# Shelf and crack (?) in my cross member



## screaminggoat (Jan 19, 2021)

Found something confusing/worrying. Installed a new Ames pitman arm since the one that came on the car was from a 75 Grand Prix and too long. The new one looks much better but there's something like a shelf with a bad looking weld on the cross member that blocks the driver side tie rod end when I'm trying to re-attach the drag link ball joint to the pitman. Above the shelf there is what looks a bit like a missing piece of metal on the cross member. I don't see a similar shelf or hole on the passenger side.

Questions -- any idea what this shelf is for, and is that void factory or a problem?


----------



## BLK69JUDGE (Jun 10, 2010)

is that a nut in your spring??
no kotter key ....man thats alot of threads stickin out...

what are you workin on
looks like an a body motormount ...


----------



## GtoFM (Mar 23, 2018)

Looks like someone hacked it with a torch to access the motor mount nuts.


----------



## screaminggoat (Jan 19, 2021)

BLK69JUDGE said:


> is that a nut in your spring??
> no kotter key ....man thats alot of threads stickin out...

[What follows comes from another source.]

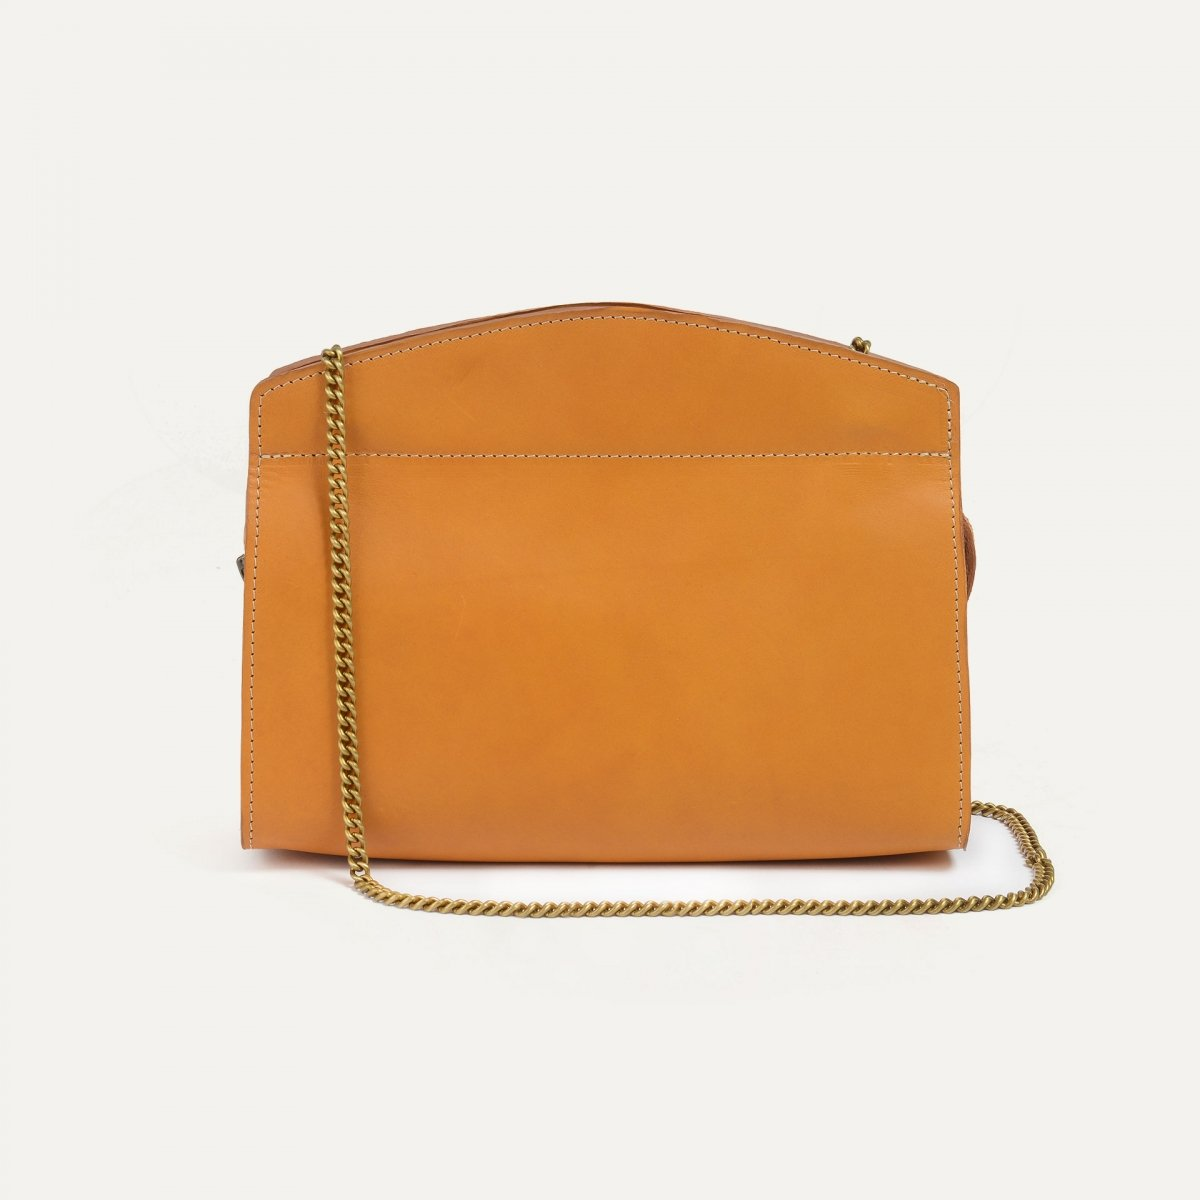 Origami S Zipped clutch bag - Honey (image n°3)
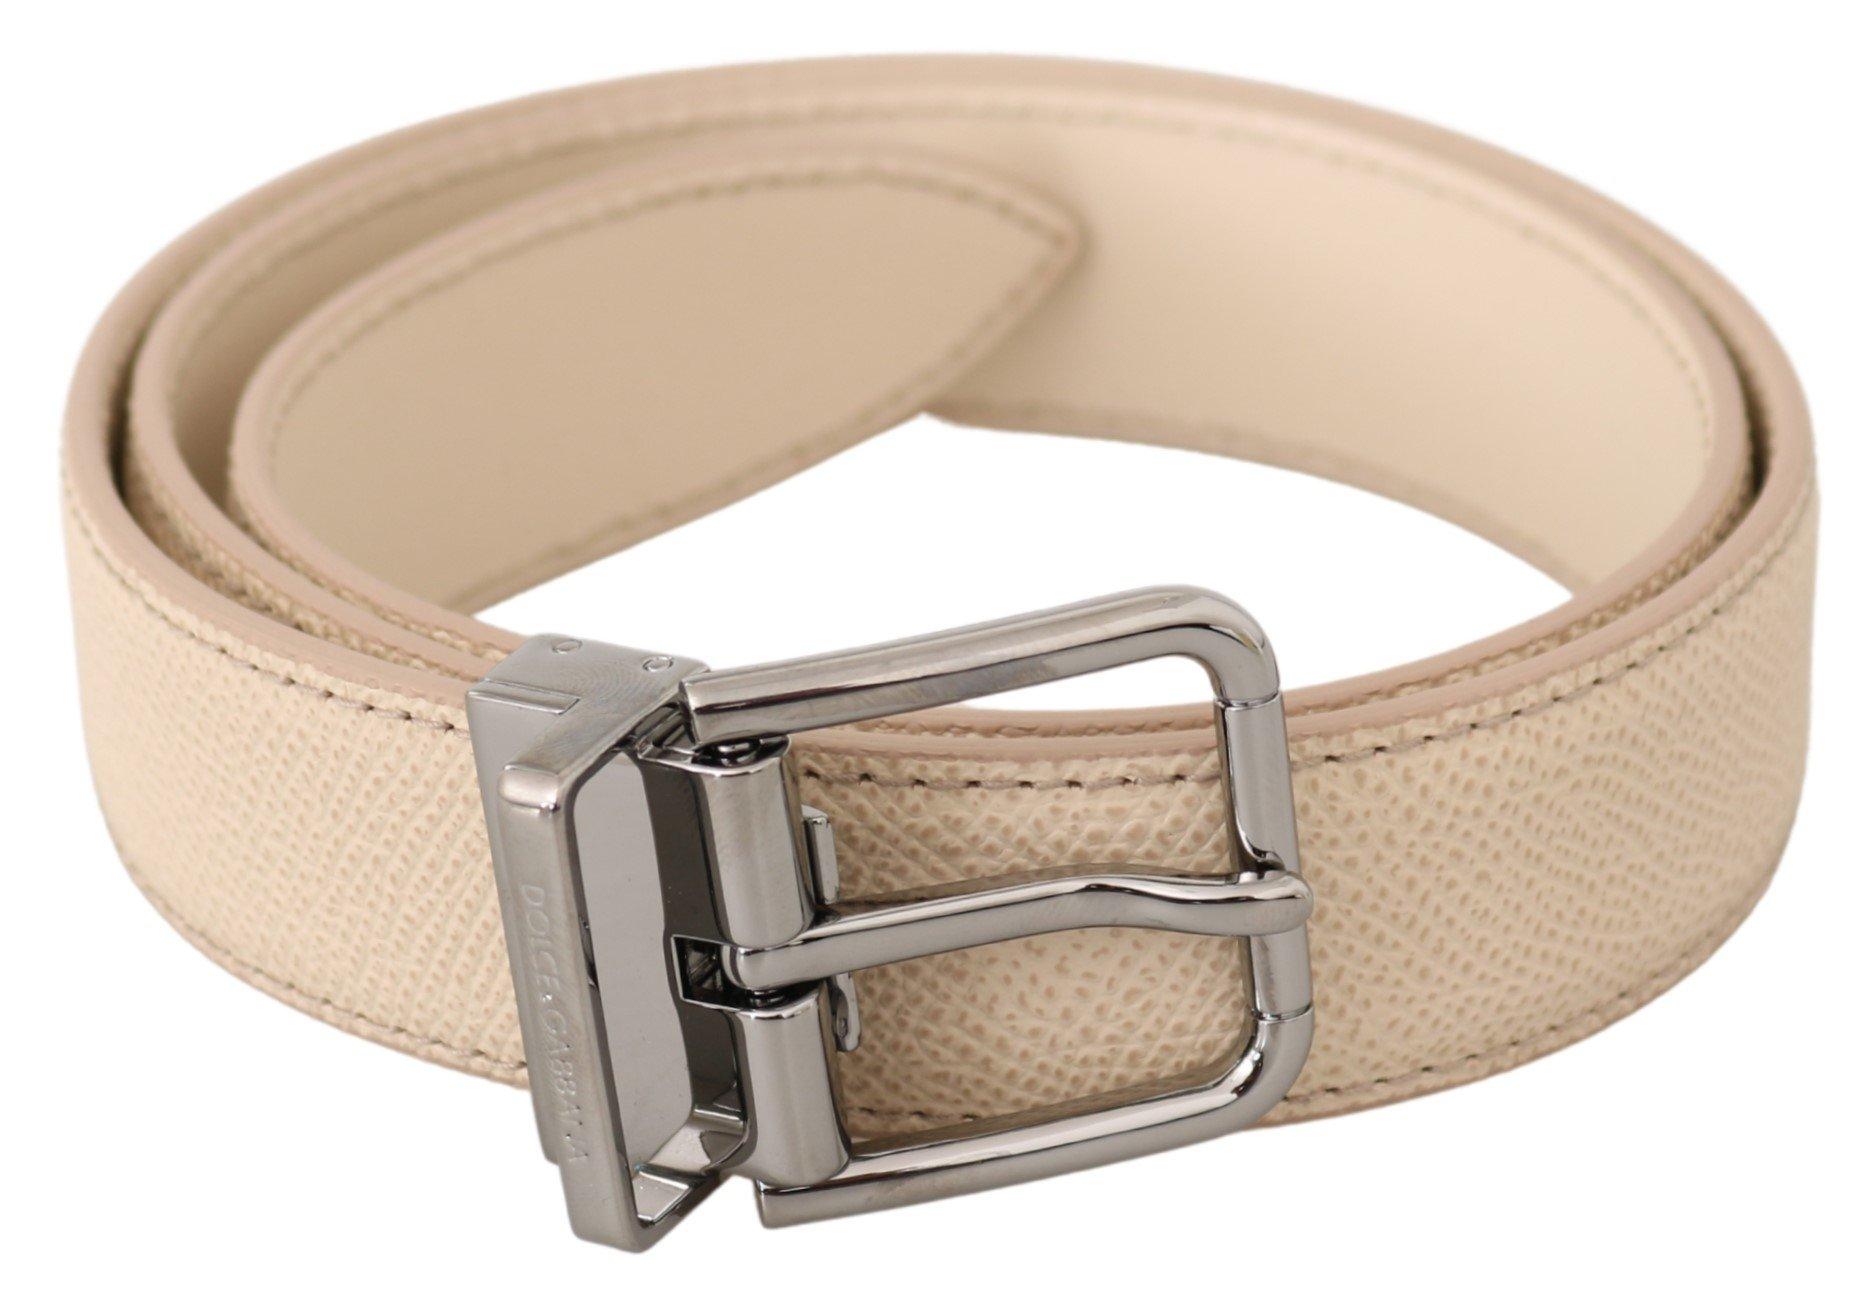 Dolce & Gabbana Men's Solid Leather Buckle Belt BEL60487BG - 75 cm / 30 Inches

It's a wide angle photo so it's all distorted, couldn't get stuff in a normal one. The "nut in my spring" is the castle nut for the pitman arm ball joint. Cotter is out while I work on the steering.



BLK69JUDGE said:


> what are you workin on
> looks like an a body motormount ...


Yeah. Driver side, just trying to understand what I'm seeing.


----------



## screaminggoat (Jan 19, 2021)

GtoFM said:


> Looks like someone hacked it with a torch to access the motor mount nuts.


Lovely stuff. How much do I need to worry about this


----------



## screaminggoat (Jan 19, 2021)

The tie rod actually just clears, that’s nice!


----------



## BLK69JUDGE (Jun 10, 2010)

what are you working on ???
68-72 ??


----------



## screaminggoat (Jan 19, 2021)

67


----------



## BLK69JUDGE (Jun 10, 2010)

never seen that on a 68-72 frame
it doesnt look factory ,,,, and I have seen many a 65-7 and never notices one
somebodys freekie steering stop ?


----------



## armyadarkness (Dec 7, 2020)

I have a 67 and it's not supposed to be there. I am also a welder, and my advice is to heat it, hammer it closed, and weld it back up. However, I wouldnt let a "hack" do it, because heating and welding will "work harden" the area, and you usually don't want a hardened frame.


----------



## armyadarkness (Dec 7, 2020)

That being said, it's a simple repair, from what I see.


----------



## screaminggoat (Jan 19, 2021)

armyadarkness said:


> I have a 67 and it's not supposed to be there. I am also a welder, and my advice is to heat it, hammer it closed, and weld it back up. However, I wouldnt let a "hack" do it, because heating and welding will "work harden" the are, and you usually don't want a hardened frame.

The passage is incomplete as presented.